#### Your instructions:
The result should be every line in the data below that carries the string "with".
Data to examine: Begin
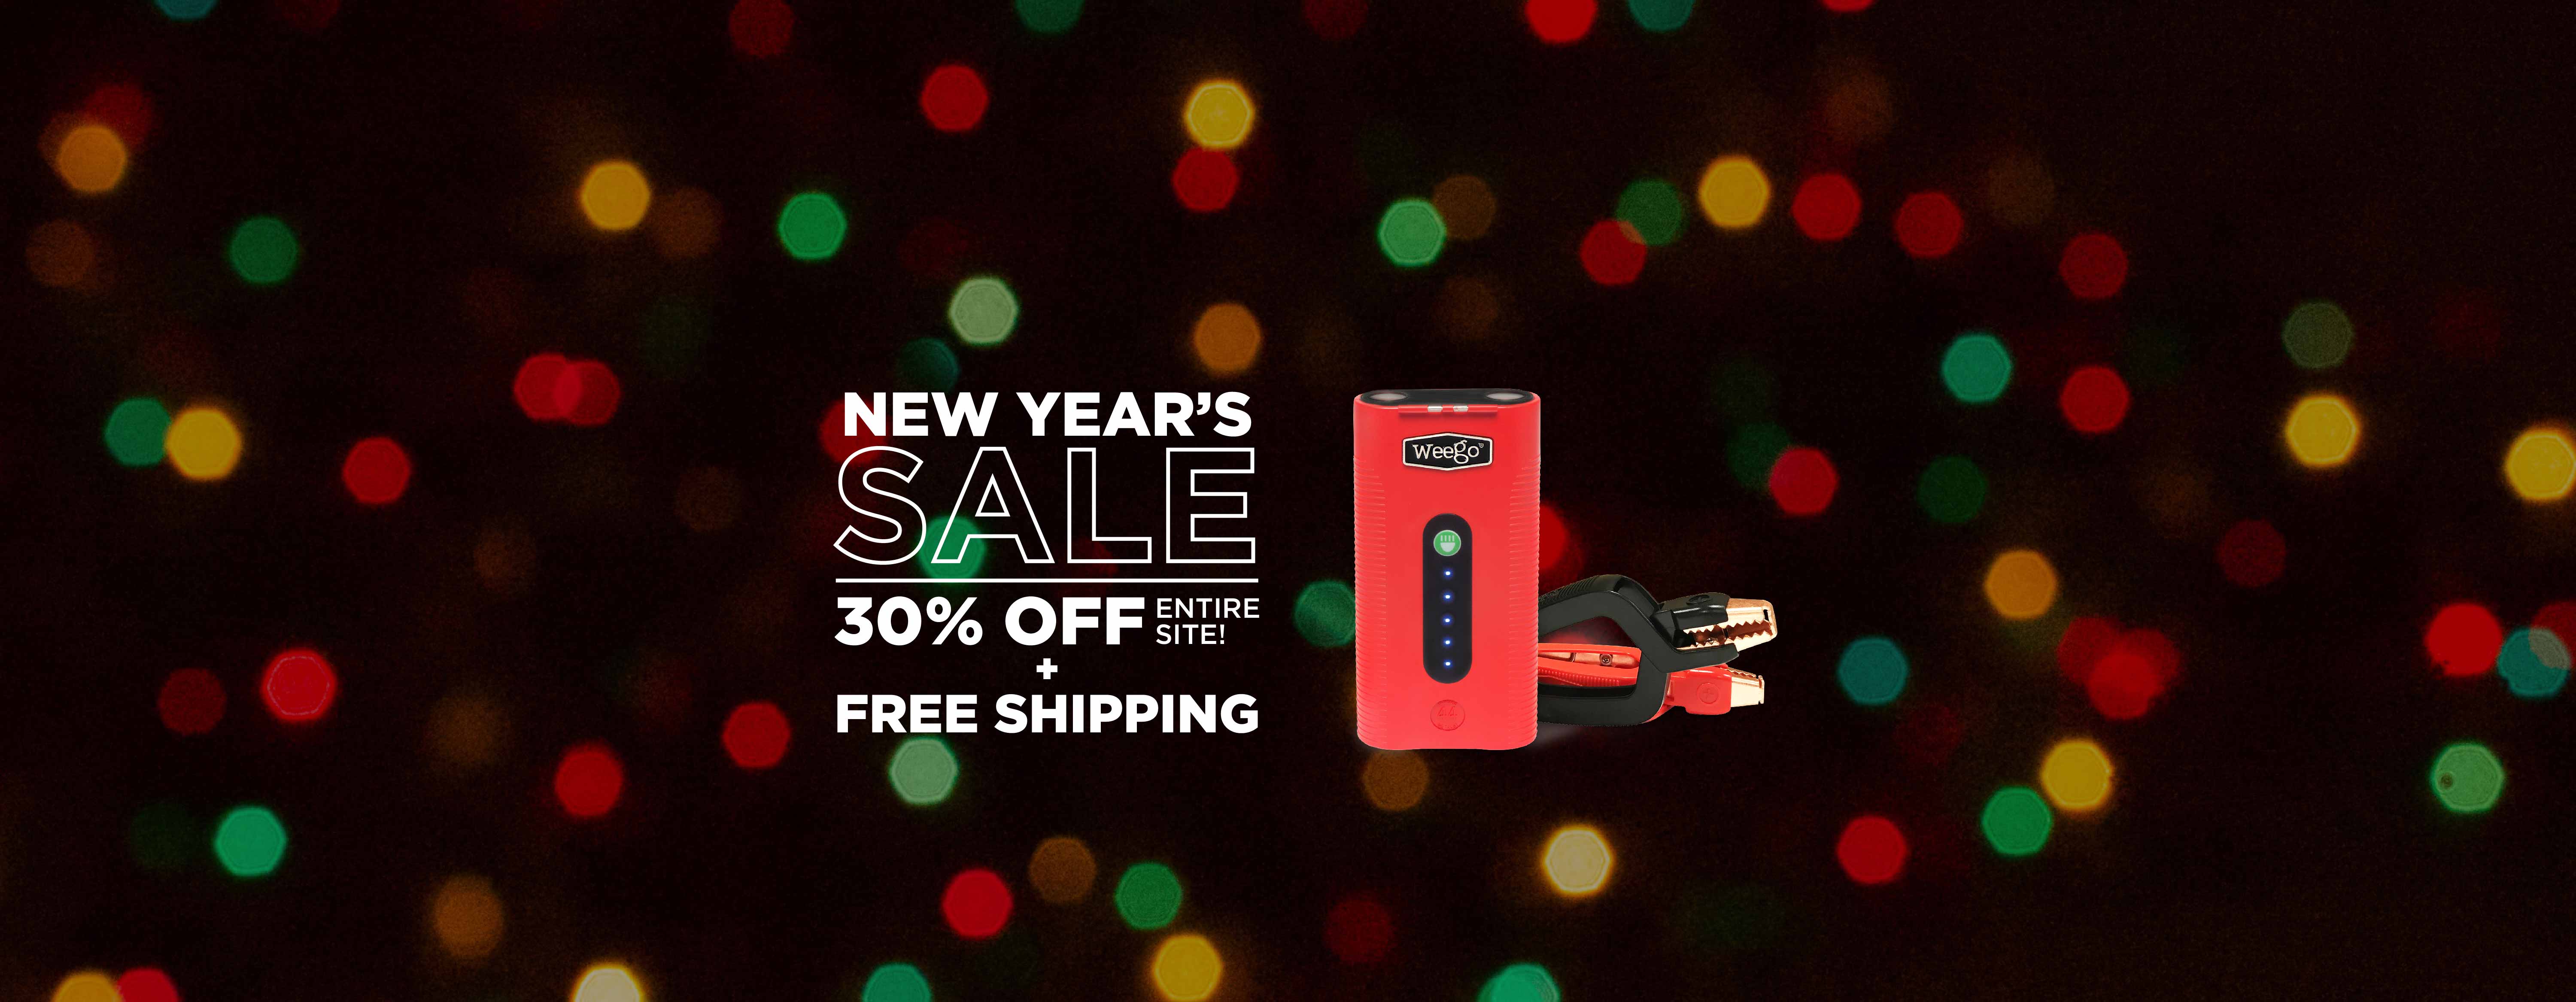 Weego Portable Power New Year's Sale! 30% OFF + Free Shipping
Data to examine: End
Data to examine: Begin
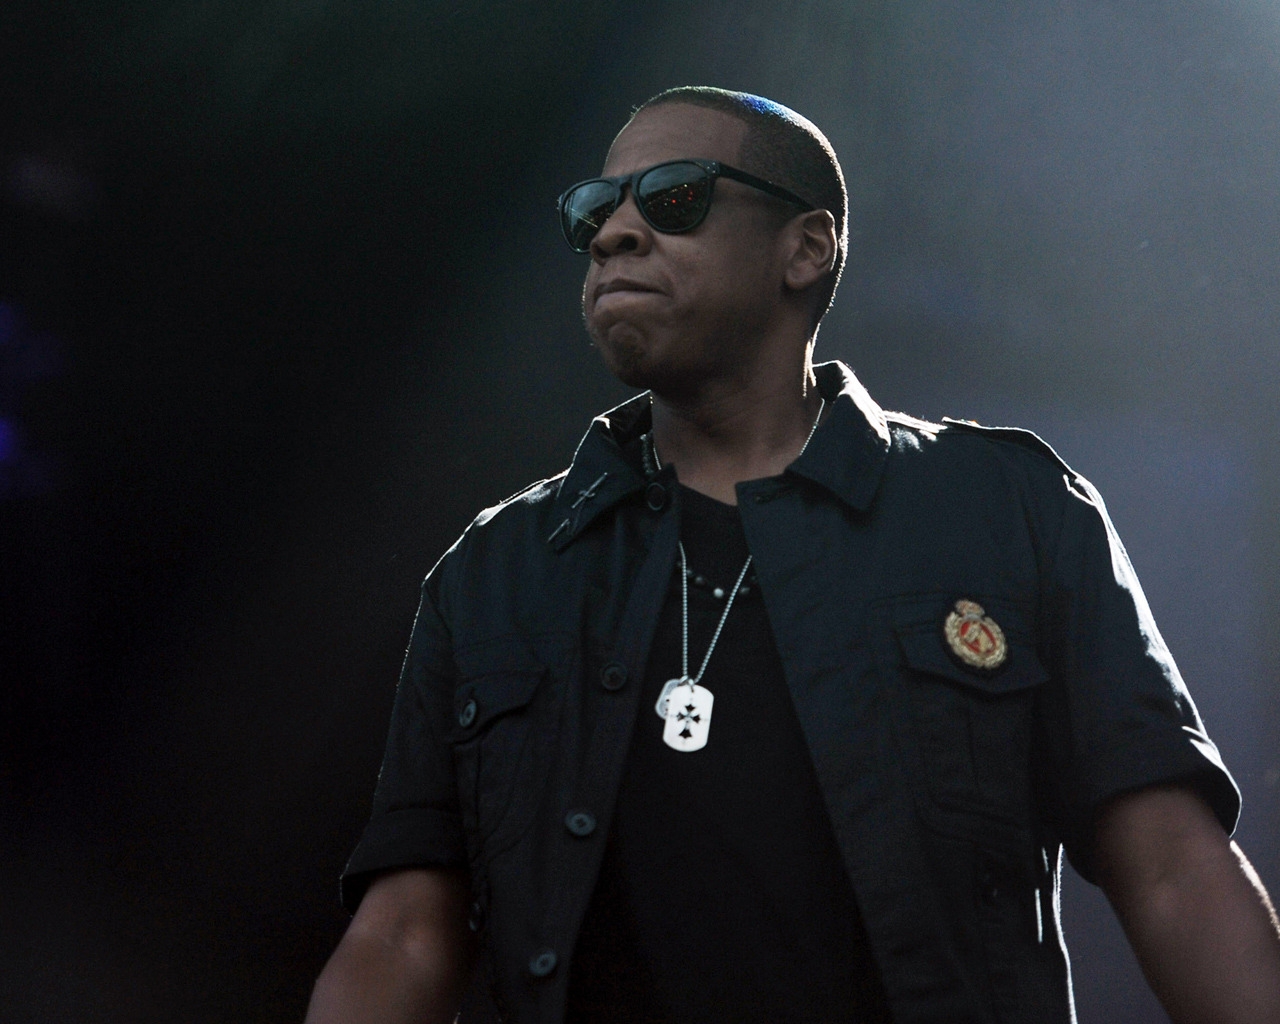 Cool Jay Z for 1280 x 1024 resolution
Data to examine: End
Data to examine: Begin
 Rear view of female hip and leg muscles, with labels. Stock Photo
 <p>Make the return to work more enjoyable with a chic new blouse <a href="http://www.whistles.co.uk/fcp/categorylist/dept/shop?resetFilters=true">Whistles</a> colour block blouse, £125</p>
Data to examine: End
#### Completed exercise:
 Rear view of female hip and leg muscles, with labels. Stock Photo
 <p>Make the return to work more enjoyable with a chic new blouse <a href="http://www.whistles.co.uk/fcp/categorylist/dept/shop?resetFilters=true">Whistles</a> colour block blouse, £125</p>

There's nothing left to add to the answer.